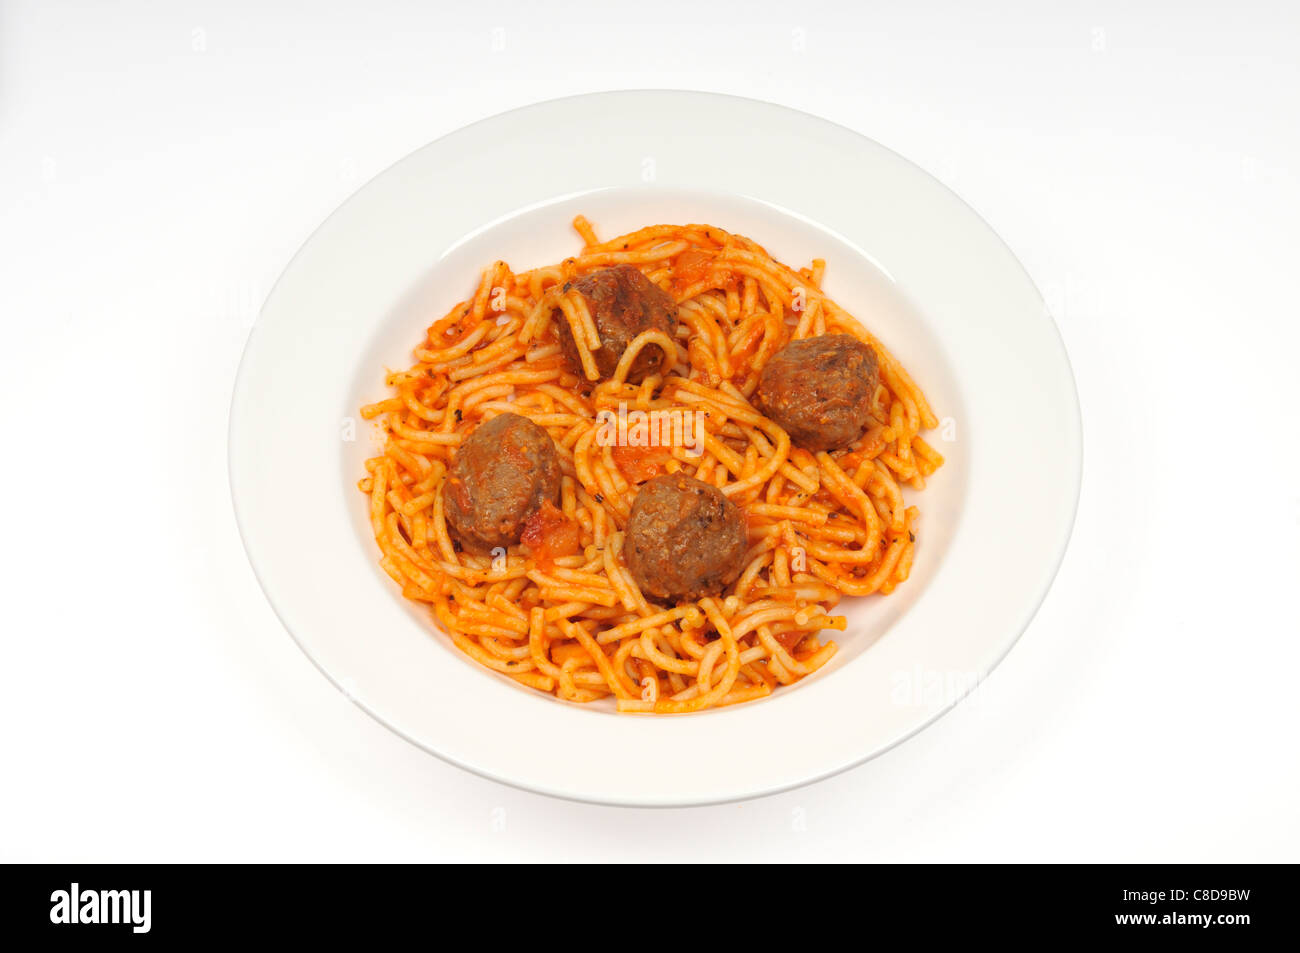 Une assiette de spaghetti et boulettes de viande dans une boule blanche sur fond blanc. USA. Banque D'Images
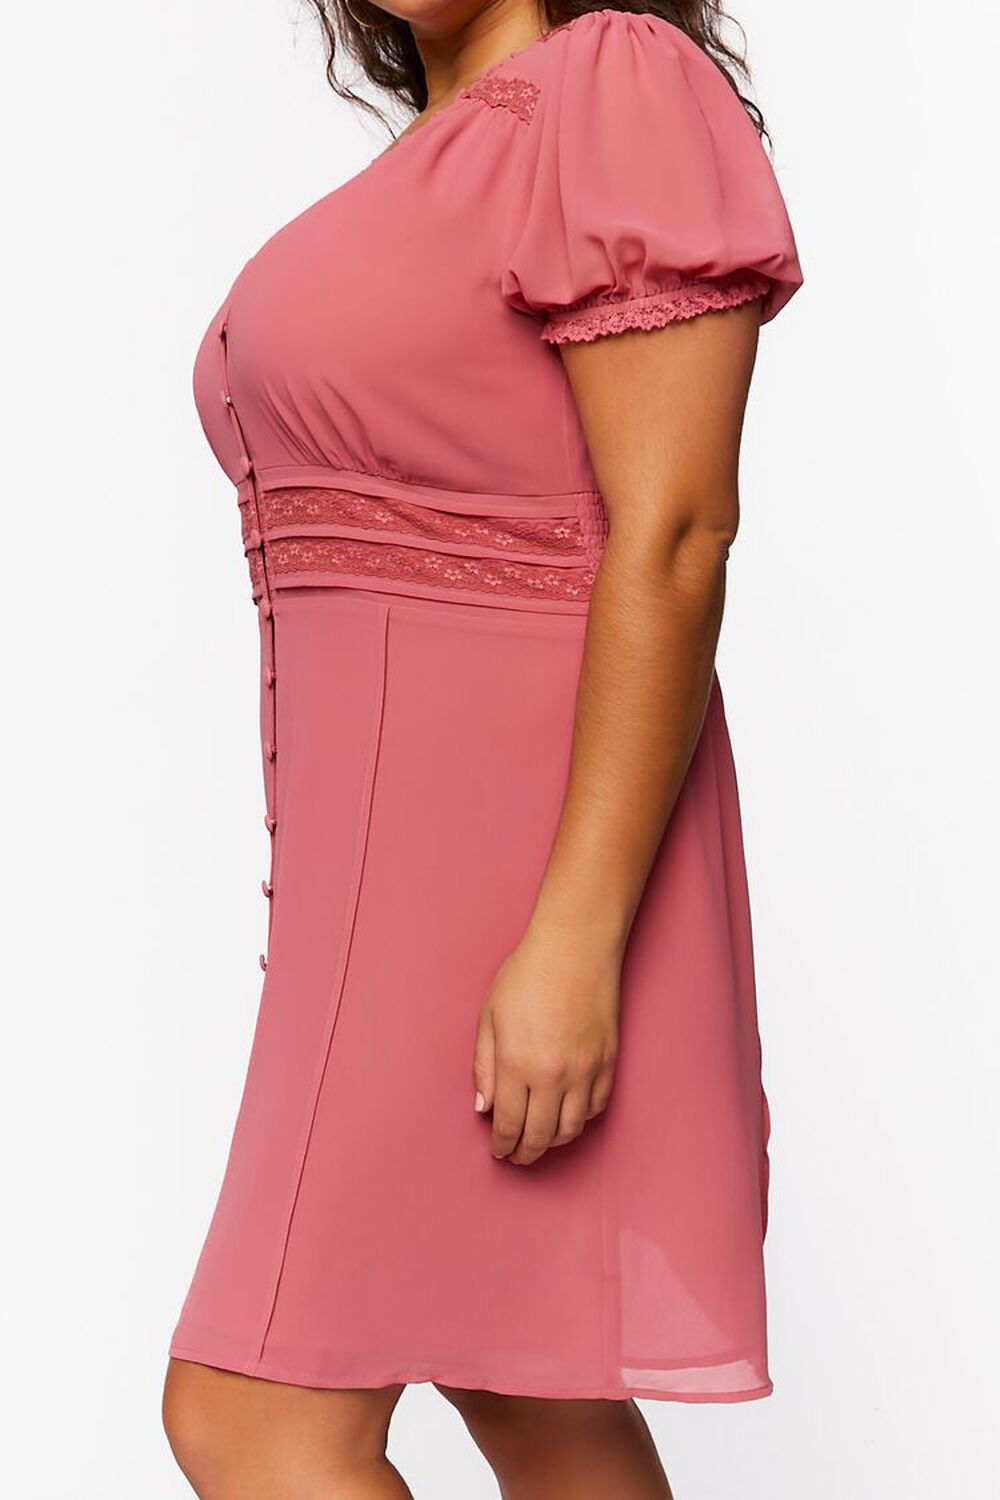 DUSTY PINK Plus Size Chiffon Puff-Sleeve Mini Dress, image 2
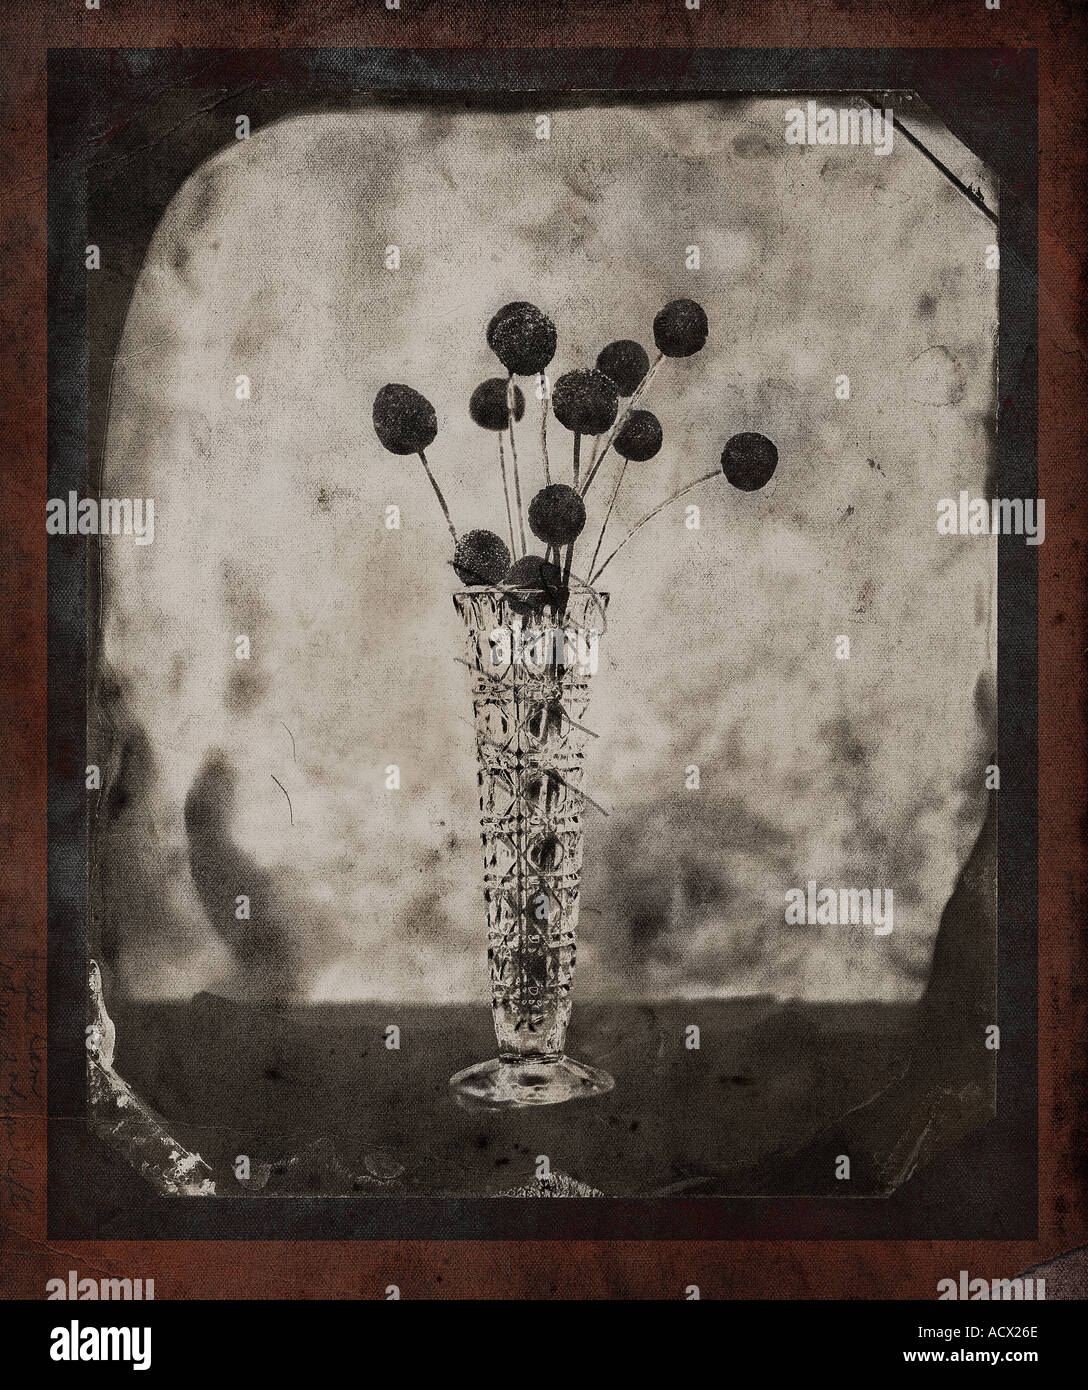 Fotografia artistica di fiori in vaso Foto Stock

━━━━━━━━━━

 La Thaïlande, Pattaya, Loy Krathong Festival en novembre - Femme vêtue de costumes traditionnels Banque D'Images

━━━━━━━━━━

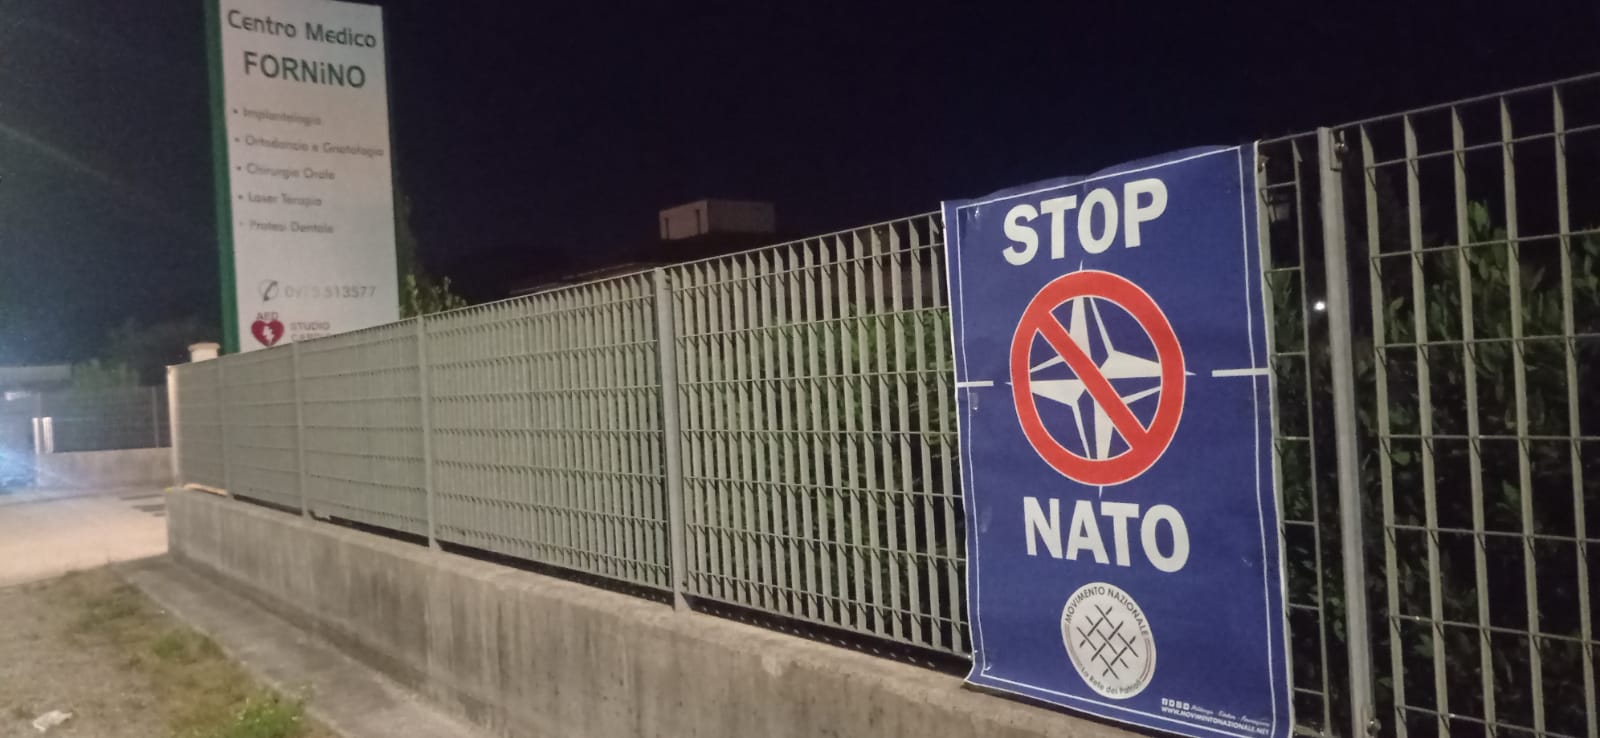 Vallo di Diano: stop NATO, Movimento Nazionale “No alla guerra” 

━━━━━━━━━━

Nothing but the lines from the one with "Une assiette de" up to and including the one with "Fotografia artistica di" should be printed, exactly as they read above. Please keep the pictures out.

▶ [Solution]:
 Une assiette de spaghetti et boulettes de viande dans une boule blanche sur fond blanc. USA. Banque D'Images
 DUSTY PINK Plus Size Chiffon Puff-Sleeve Mini Dress, image 2
 Fotografia artistica di fiori in vaso Foto Stock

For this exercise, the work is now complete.